Bayer Cybersecurity - Strategic Analysis and Recommendation
Course: Managing IT for Business Value (BUS 468)
Executive Summary
This report examines the future of cybersecurity at Bayer, with a focus on their systems and data in healthcare. We evaluate the critical issues in protecting these valuable digital assets from cyber attacks and provide recommendations based on the latest innovations in accurate predictive intelligence solutions that proactively use machine learning techniques to mitigate threats.
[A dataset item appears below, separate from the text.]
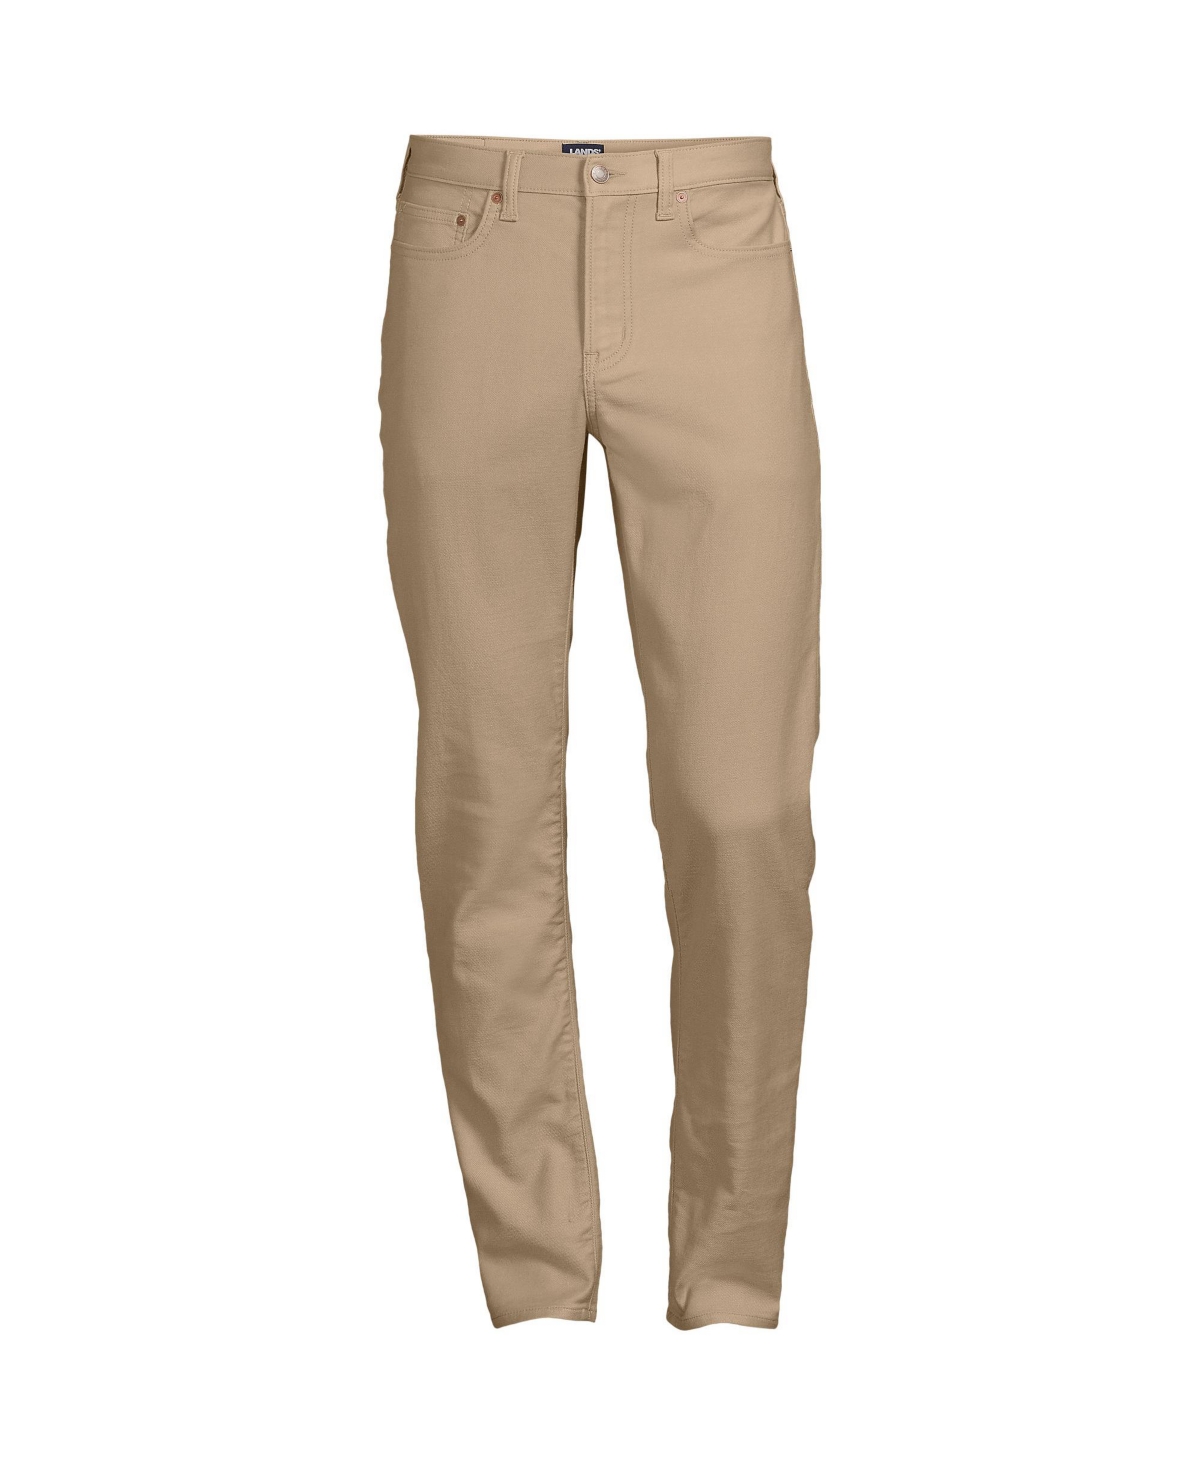 Men's Straight Fit Knit 5-Pocket Pants - Desert tan

Given the lack of publicly available information on Bayer's current cybersecurity systems and practices, core assumptions were made and clearly outlined to facilitate effective analysis and recommendation. Notably, it is assumed that Bayer has a solely reactive approach to protecting itself against cyber attacks. This remains the industry standard for organizations of this size and industry. Our research is grounded in the fact that the practice of reacting to threats is rapidly becoming insufficient protection for the increasingly complex cloud computing systems that Bayer relies on to store and process its vast amounts of sensitive and valuable data. Additionally, we focus on malware as the most prevalent and damaging cyber attack.
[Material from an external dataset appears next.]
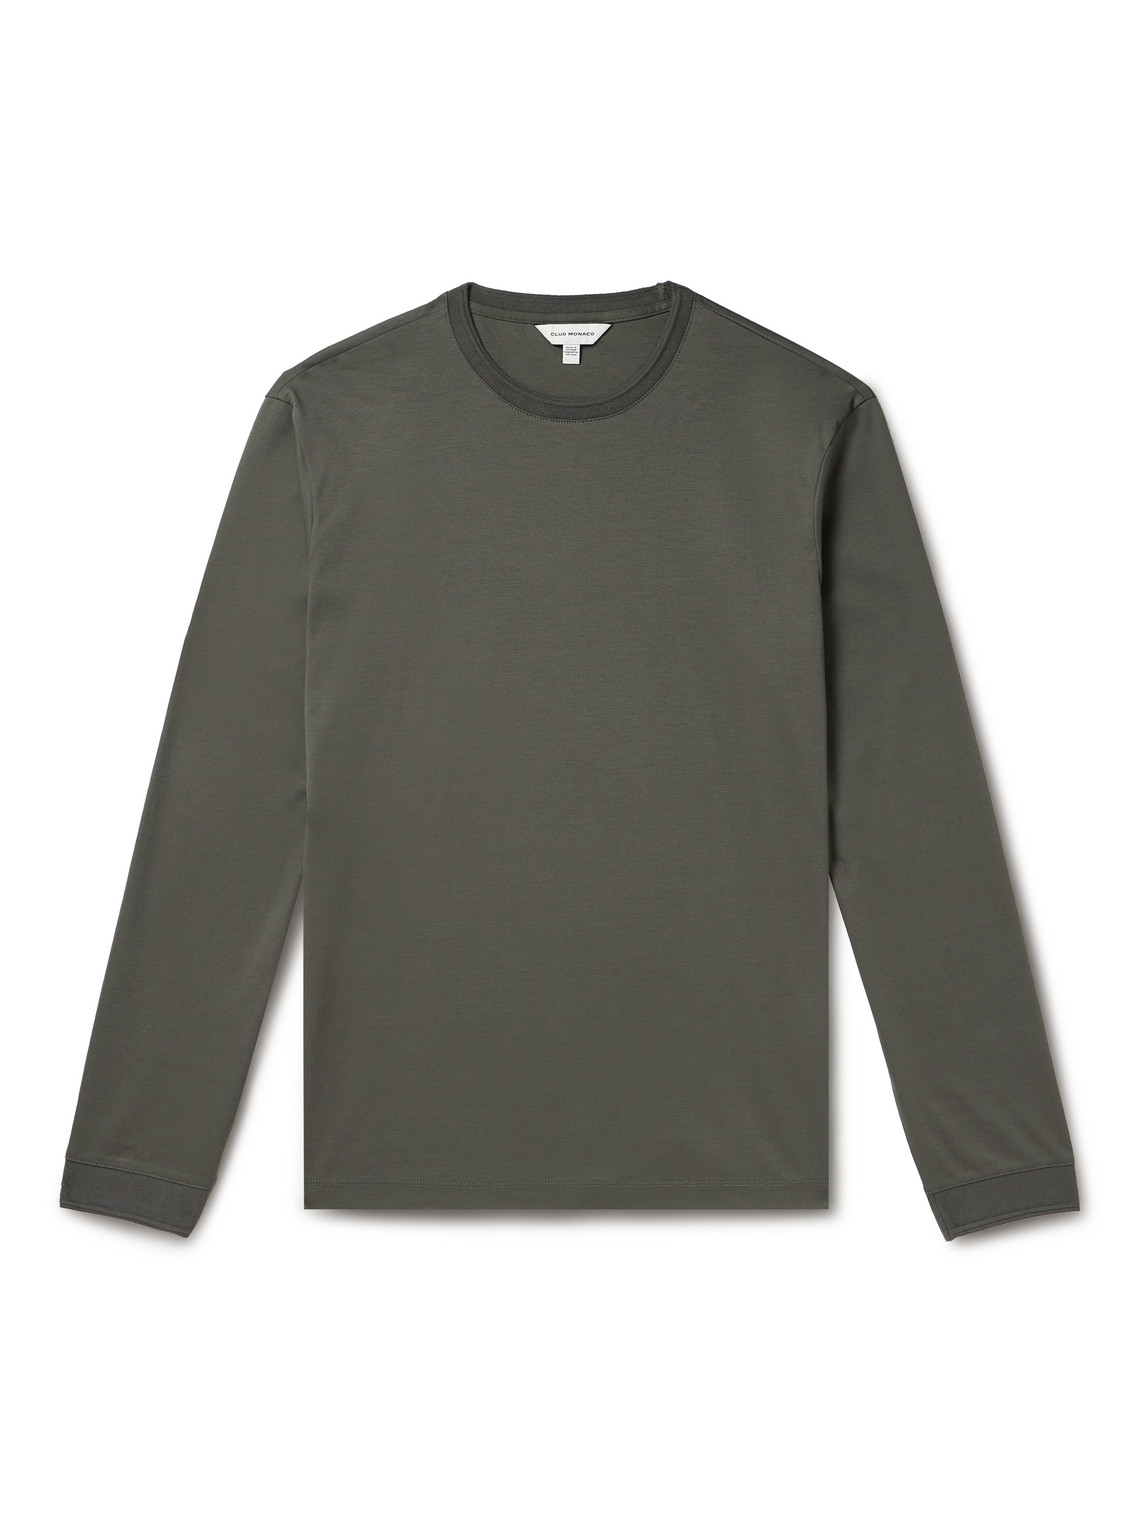 Club Monaco - Refined Cotton-Jersey T-Shirt - Men - Green - M von Club Monaco

Our recommendation is that Bayer implement a Predictive Intelligence Technology (PIT) solution which would be added as a proactive layer of security, ahead of the existing and continually improving reactive protection. This would accurately predict and help cybersecurity professionals prevent incoming attacks, reducing and often eliminating the load on reactive security systems and procedures. These outcomes would be achieved through a robust Predictive Intelligence Model, which applies static analysis, dynamic analysis, and image processing techniques for malware detections, which perform at a 96% accuracy level in real-time based on the latest research and testing.
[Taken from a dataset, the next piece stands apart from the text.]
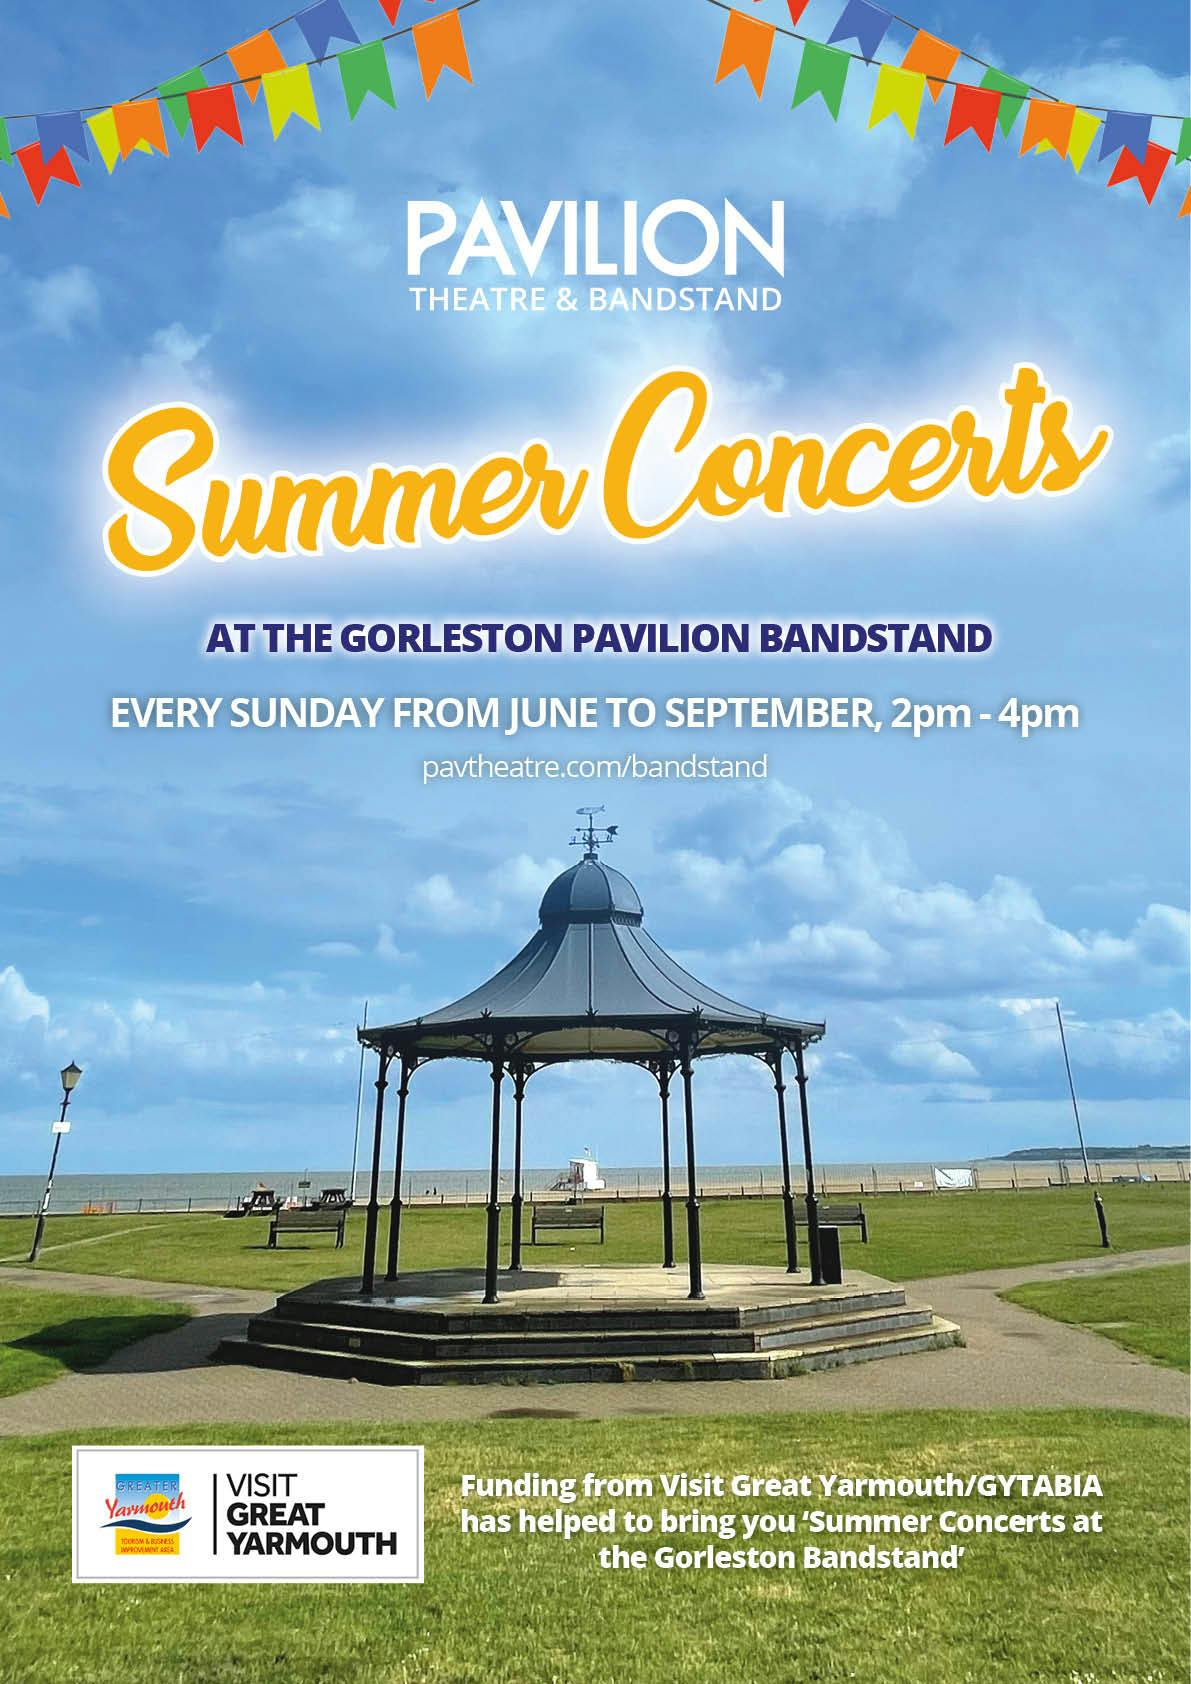 The Gorleston Pavilion Bandstand

The implementation roadmap for the proposed solution would depend on a phased approach using iterative prototyping, testing, and data training before being fully integrated into Bayer's systems. Details on costs and performance requirements would directly depend on the details of Bayer's existing systems, to which we do not have access. Thus, our recommendations established a framework for the most important considerations and risk mitigation strategies based on the available information and outlined assumptions. The system's overall success would depend on many technically informed, context-specific decisions that we believe Bayer is well equipped to undertake.
The future of cybersecurity is more important than ever. Our research and analysis demonstrate that recovering from cyber attacks cost companies millions to recover from and that Bayer's reactive approaches to securing their valuable healthcare systems and data are not enough for the exponential digitization of the future. With a focus on effective and timely risk exposure reduction, this report proposes a dynamic and reliable new digital solution hoping that Bayer might implement the necessary advances for it to thrive in its endeavours of aiding the global population with innovations in healthcare. By implementing predictive intelligence solutions in addition to the cutting edge of reactive techniques, risk exposure would effectively be reduced, cybersecurity processes would be more efficient, and customer trust will not only be maintained but enhanced.